I’ve visited several times now, and can confirm that the quality is very consistent, and on par with its restaurant across the ocean. The concept at Tim Ho Wan is similar to Hong Kong Dim Sum, where you’re given a sheet of paper to mark what you wish to order, plates of food will magically start appearing in front of you after you hand the paper to one of the waiters.
The chicken feet is a milder rendition of the classic dish. Instead of being fried and then steamed, the chicken feet were simply braised in abalone sauce, resulting in, well, a milder flavour profile.

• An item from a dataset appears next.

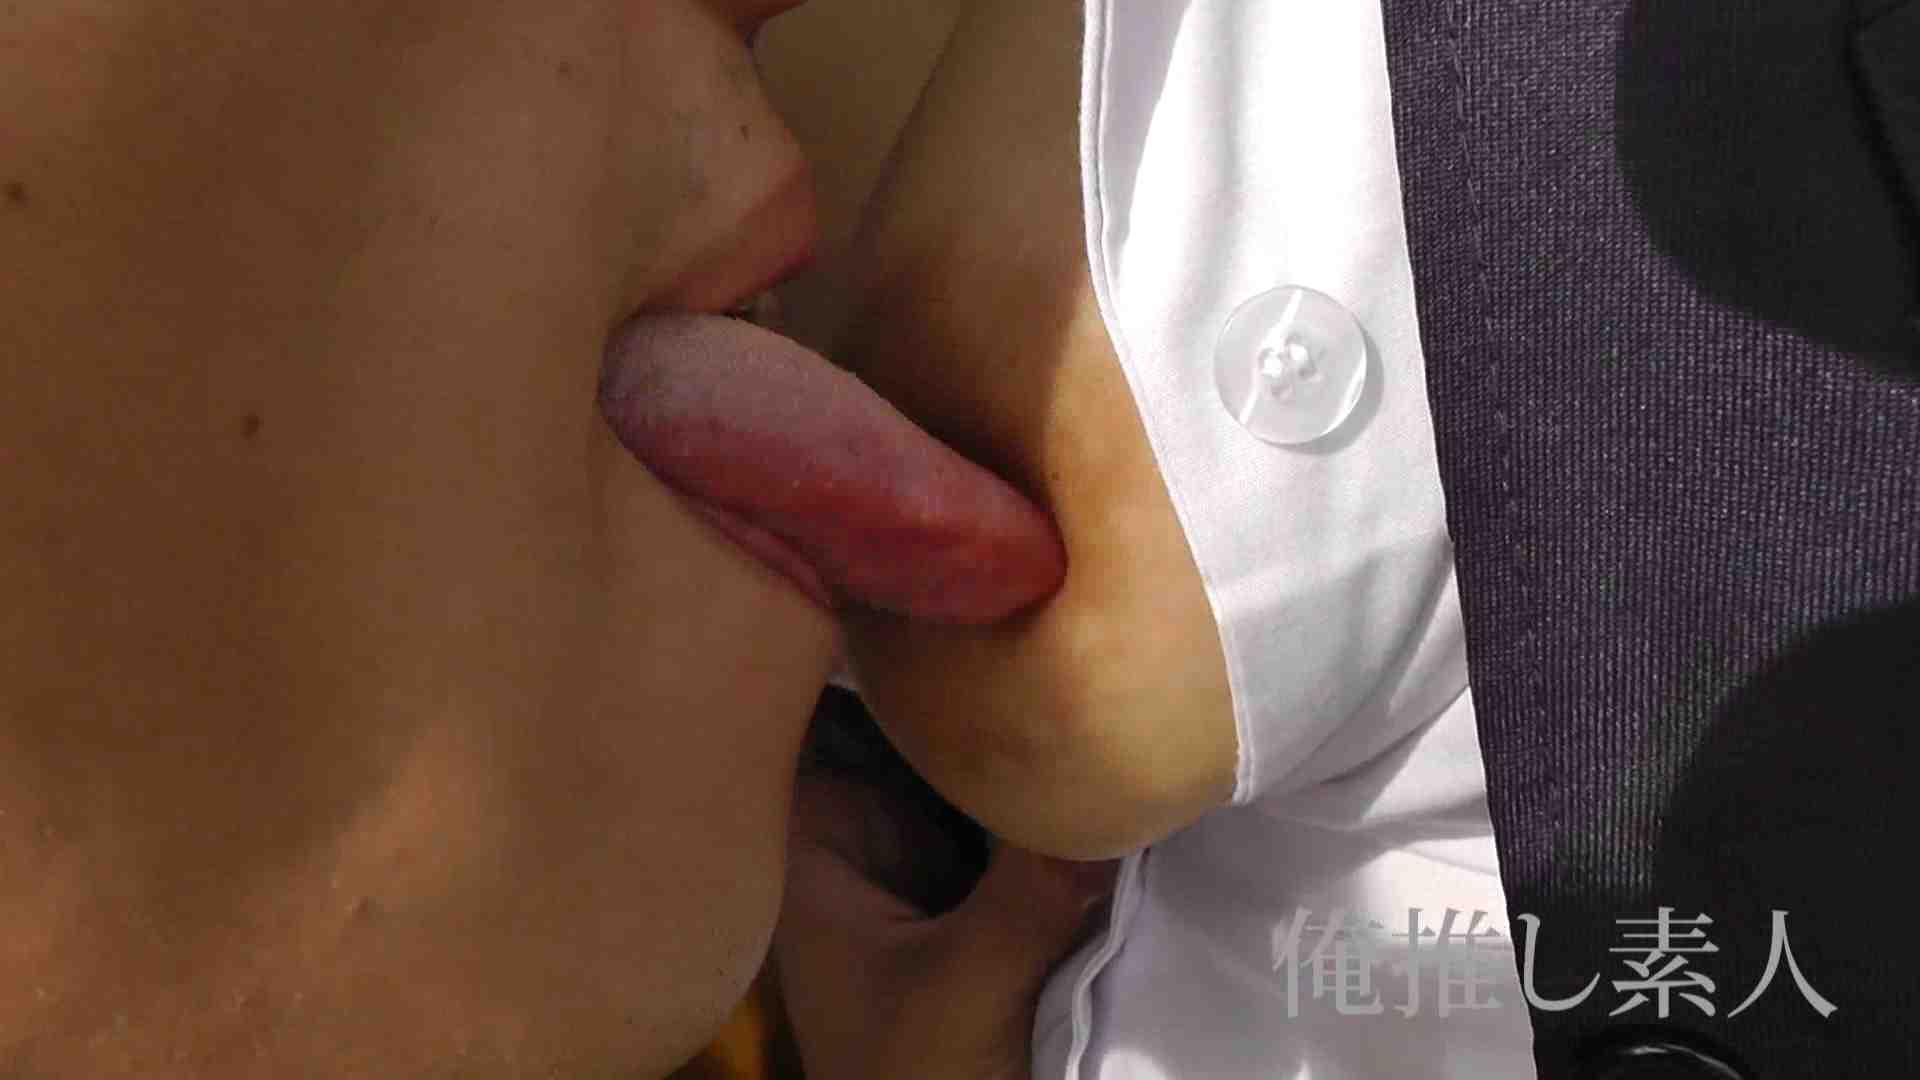 俺推し素人 30代人妻熟女キャバ嬢雫 綺麗なOLたち 盗撮動画紹介 94枚 93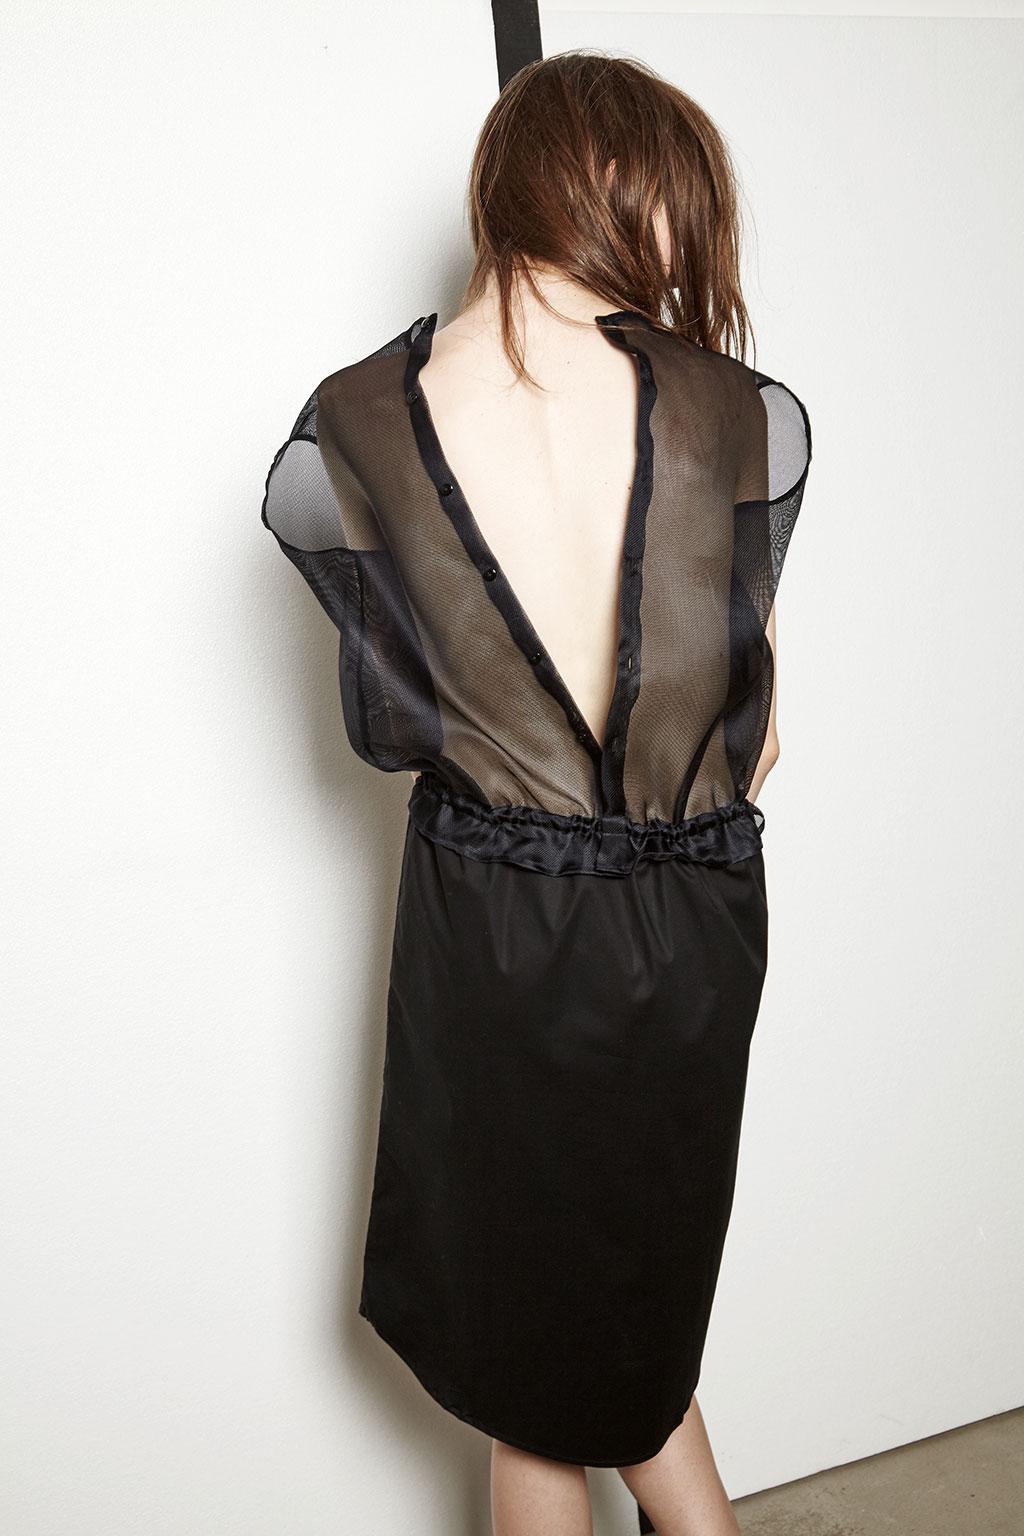 Italian Style Alessia Xoccato style buy online at Lazzari Store

Usually I would never order spring rolls, since it is such a pedestrian dish, but because we had a pescatarian amongst us, we had to take advantage of all the vegetarian and seafood options. It was a pleasant surprise though, the filling of egg white was very fluffy, and the spring roll was crunchy, but not overly oily as they tend to be.
The signature dish of Tim Ho Wan, literally every table had a plate (or two) of the buns, and I can definitely see why. The crunchy shell paired with the sweet BBQ pork filling, give me three of these and lunch is sorted.
I passed on these since they had carrots inside, but according to those who tried it, although pleasant, it was nothing out of the ordinary.
The prawn dumplings were perfect, the skin were translucent but not gluggy, and the filling had a nice ratio of prawn to bamboo shoots.
The bright green colour of the spinach dumplings made them so pleasing to look at, and they tasted just as delicious. Another surprise favourite.
I loved the fluffiness and delicate nature of this cake, however, one of my friend did find it too eggy.
The vermicelli roll, although not ground breaking, was executed well, the roll itself had integrity, and the filling, well, there was a lot of prawns.
Still confused about where exactly the salad is in this dish, but the crunchiness of the dumplings were delightful. I wish the wasabi mayo had more of a kick though.
Another member of the four heavenly kings, the filling of pig’s liver, although unusual, was actually a bit dry.
Besides looking extremely pretty, these slightly acidic cakes, with the floral aroma from the osmanthus, were a light but sweet end to the meal.
My pick for dessert though would be the mango sago pomelo, there was nothing to fault with this classic combination of flavours, and the thickness of it all made me think that they actually used a lot of real mangoes!
Overall, there’s not much to fault with Tim Ho Wan in terms of the quality of the food, however, its menu is quite limited compared to other yum cha places, and the price is definitely higher. With that in mind, I’d still return, even if it were just for the baked BBQ pork buns alone, yup, they’re that good.
How to get there:
Tim Ho Wan is located in Village Centre Arcade in Chinatown, a short 10 minutes walk from Melbourne Central.